:: The data ::
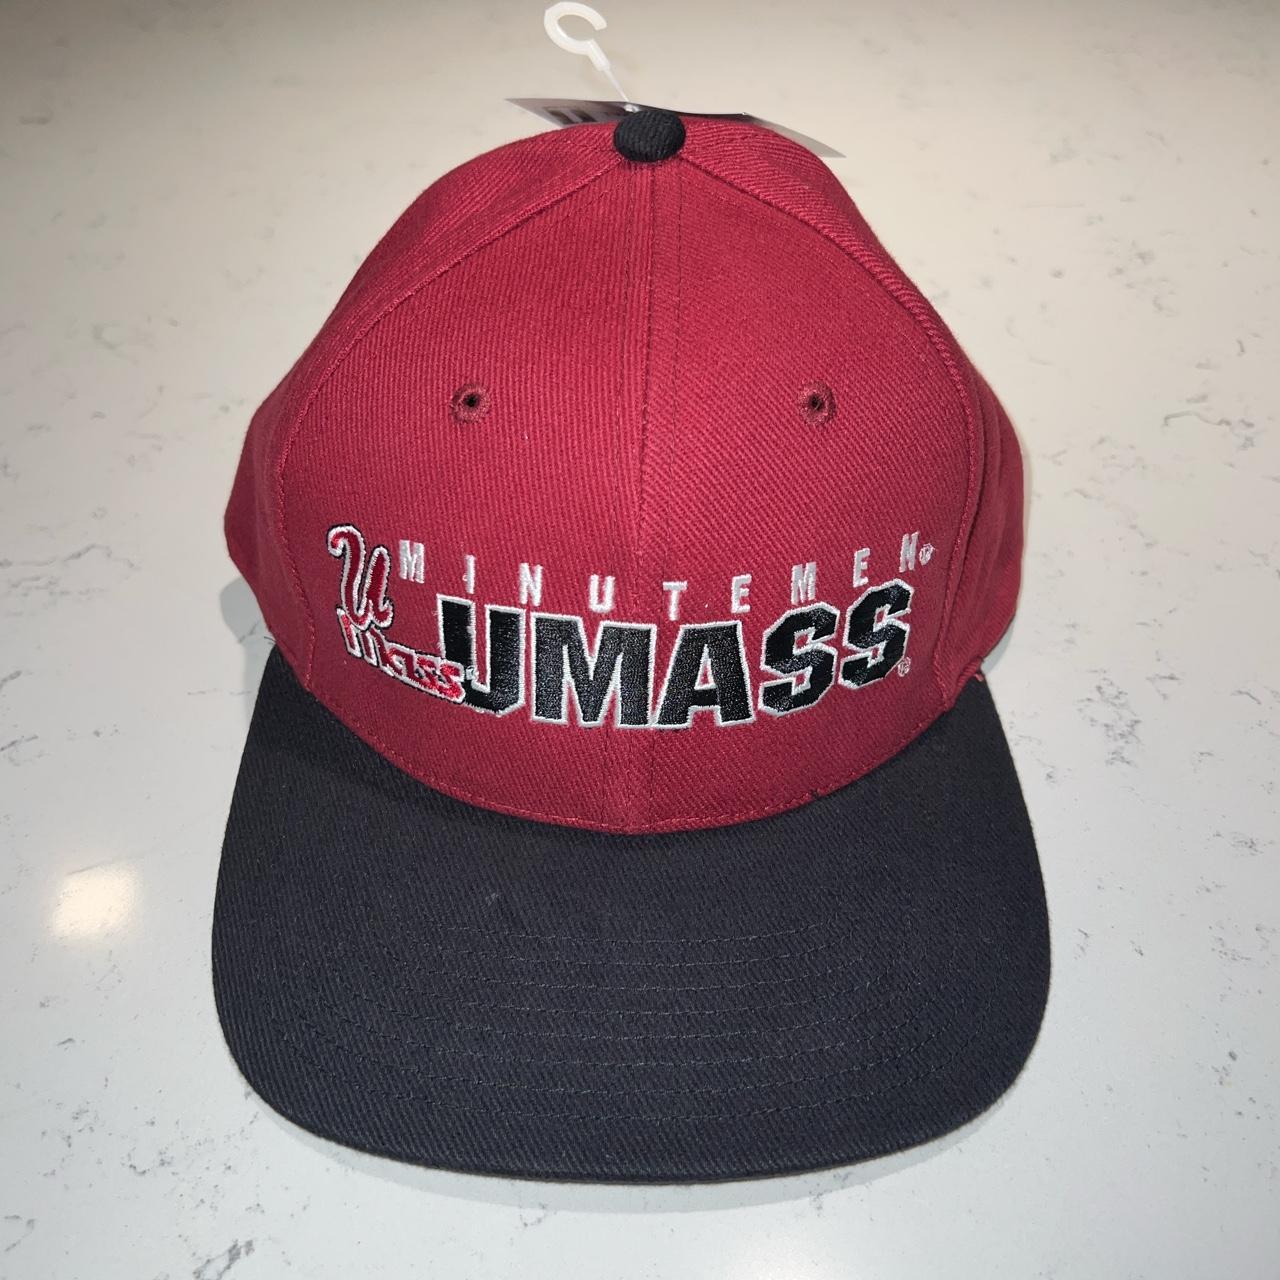 UMass Minutemen Burgundy & Black Twins Enterprise Vintage Strapback Adjustable Cap/Hat
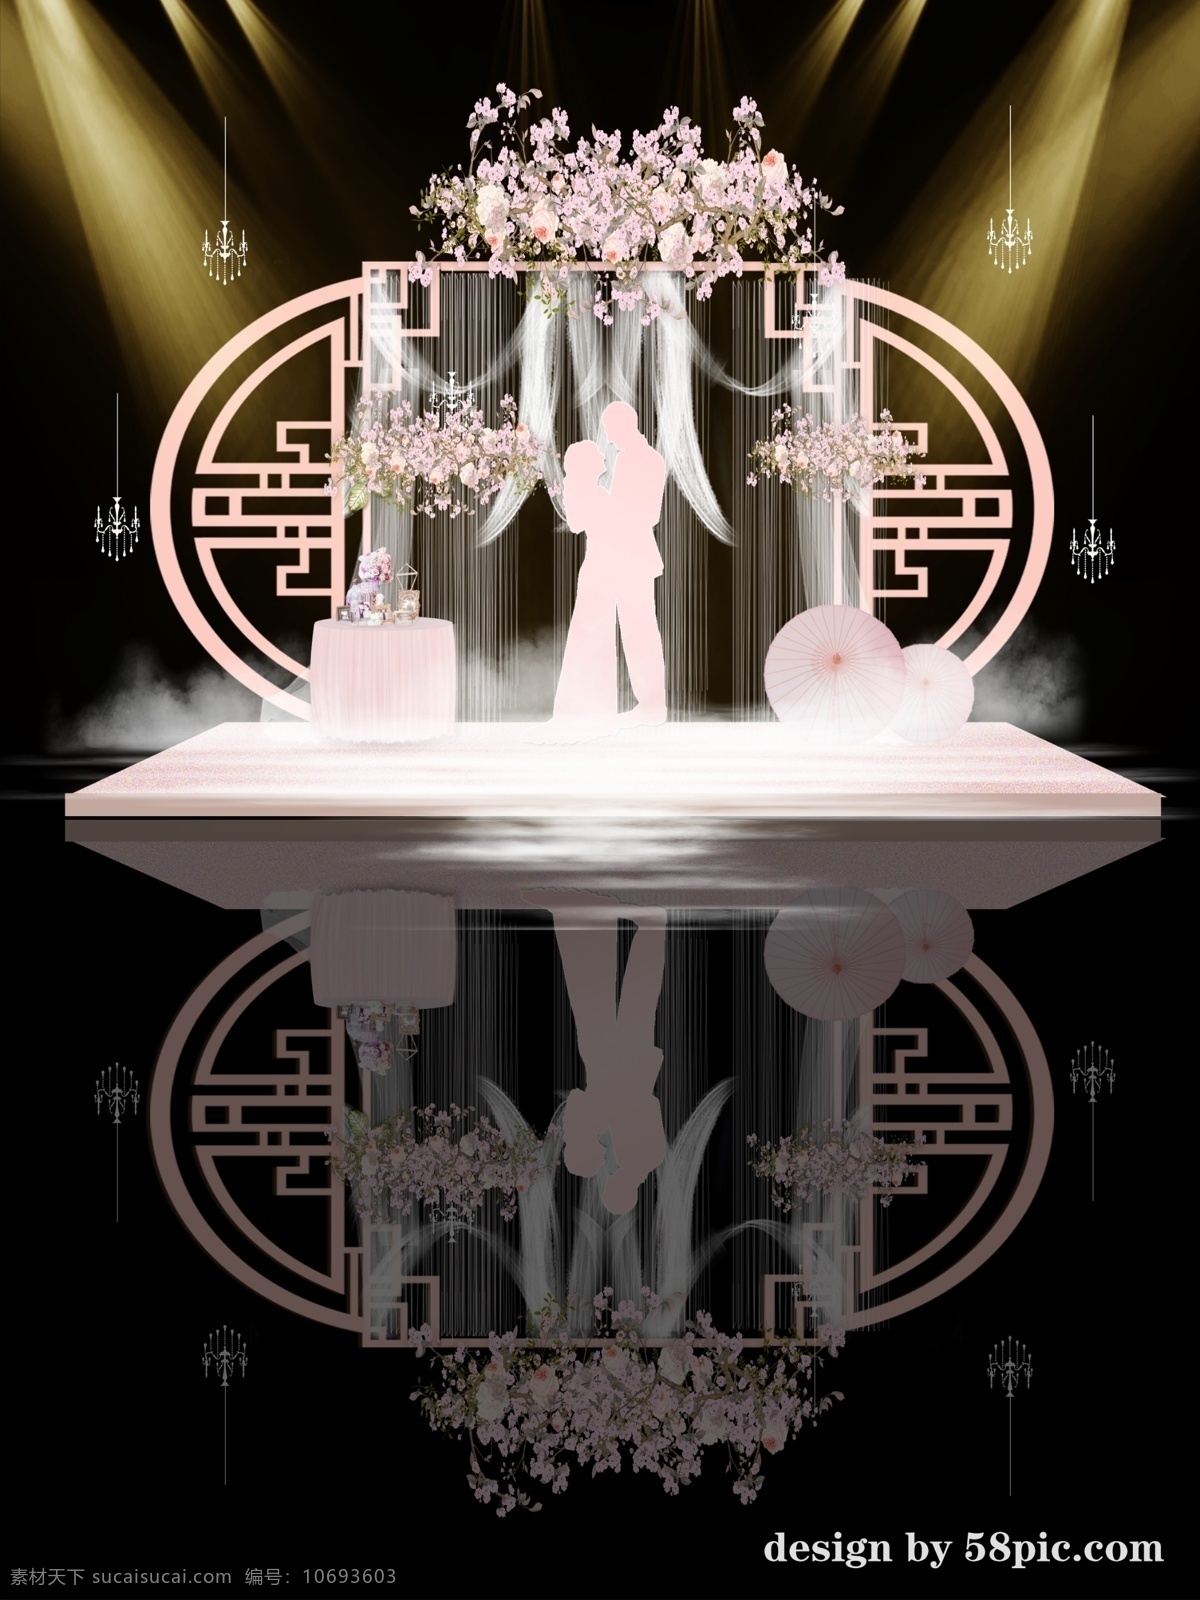 粉色 中式 元素 现代 婚礼 效果图 kt版 背景 大型 婚庆 喷绘 源文件
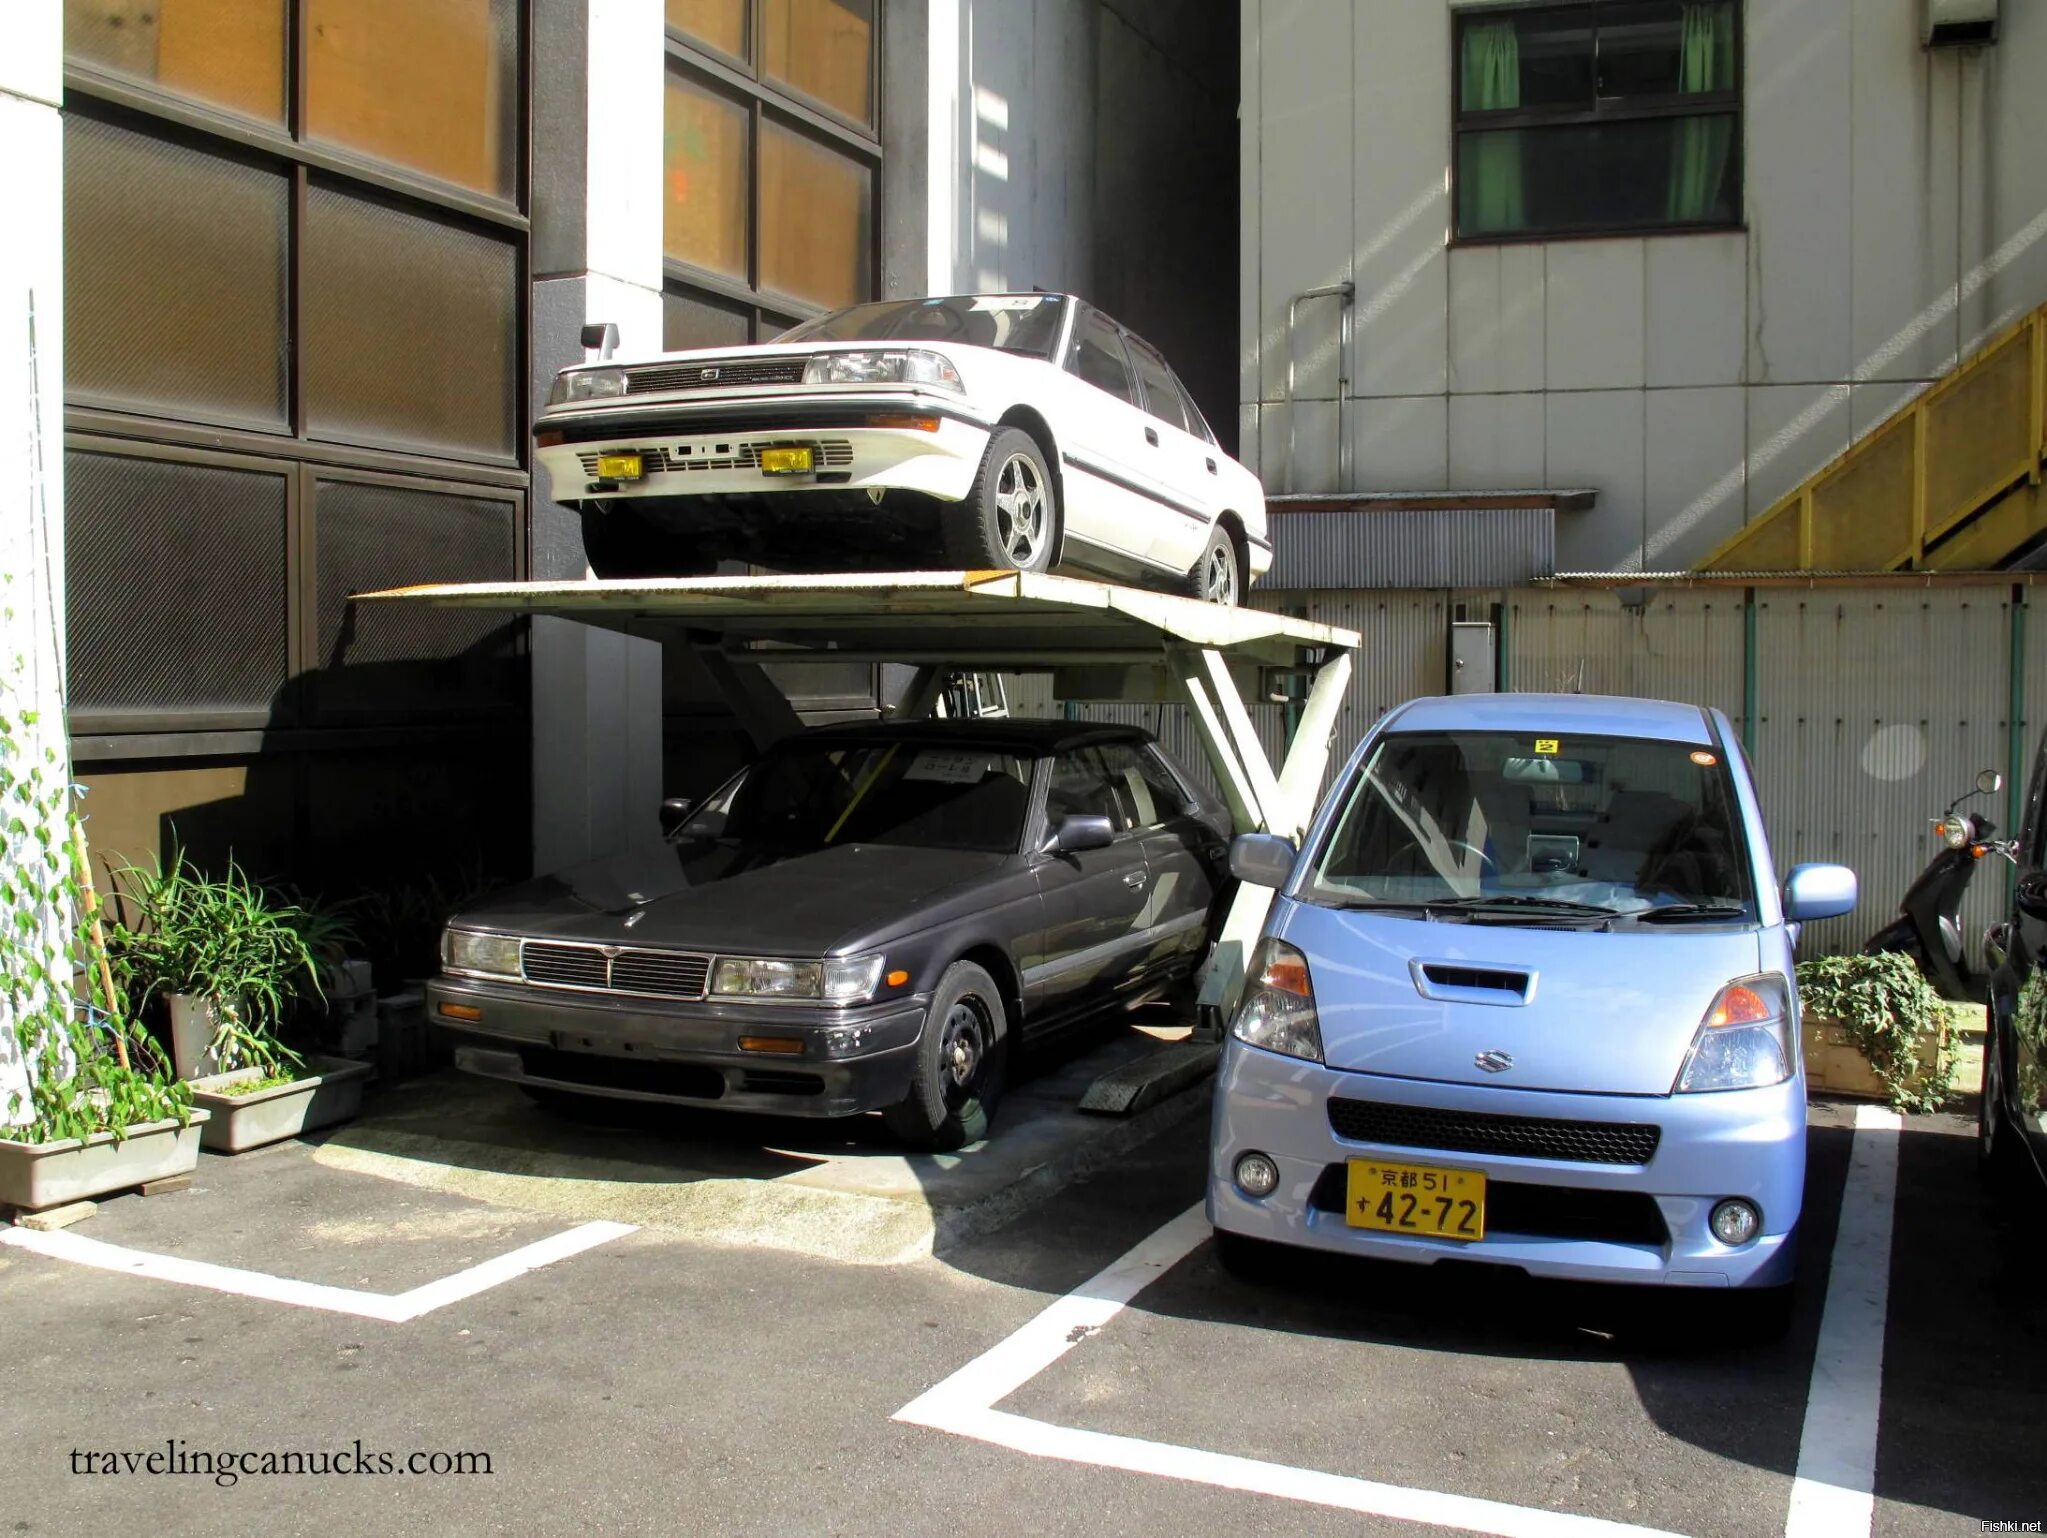 Регистрация авто из японии. Парковка в Японии. Автостоянка в Японии. Двухъярусные парковки в Японии. Японская многоуровневая парковка.

:: Task details ::
All of the data gets printed again exactly; the pictures do not.

:: Completed exercise ::
 UMass Minutemen Burgundy & Black Twins Enterprise Vintage Strapback Adjustable Cap/Hat
 粉色 中式 元素 现代 婚礼 效果图 kt版 背景 大型 婚庆 喷绘 源文件
 Регистрация авто из японии. Парковка в Японии. Автостоянка в Японии. Двухъярусные парковки в Японии. Японская многоуровневая парковка.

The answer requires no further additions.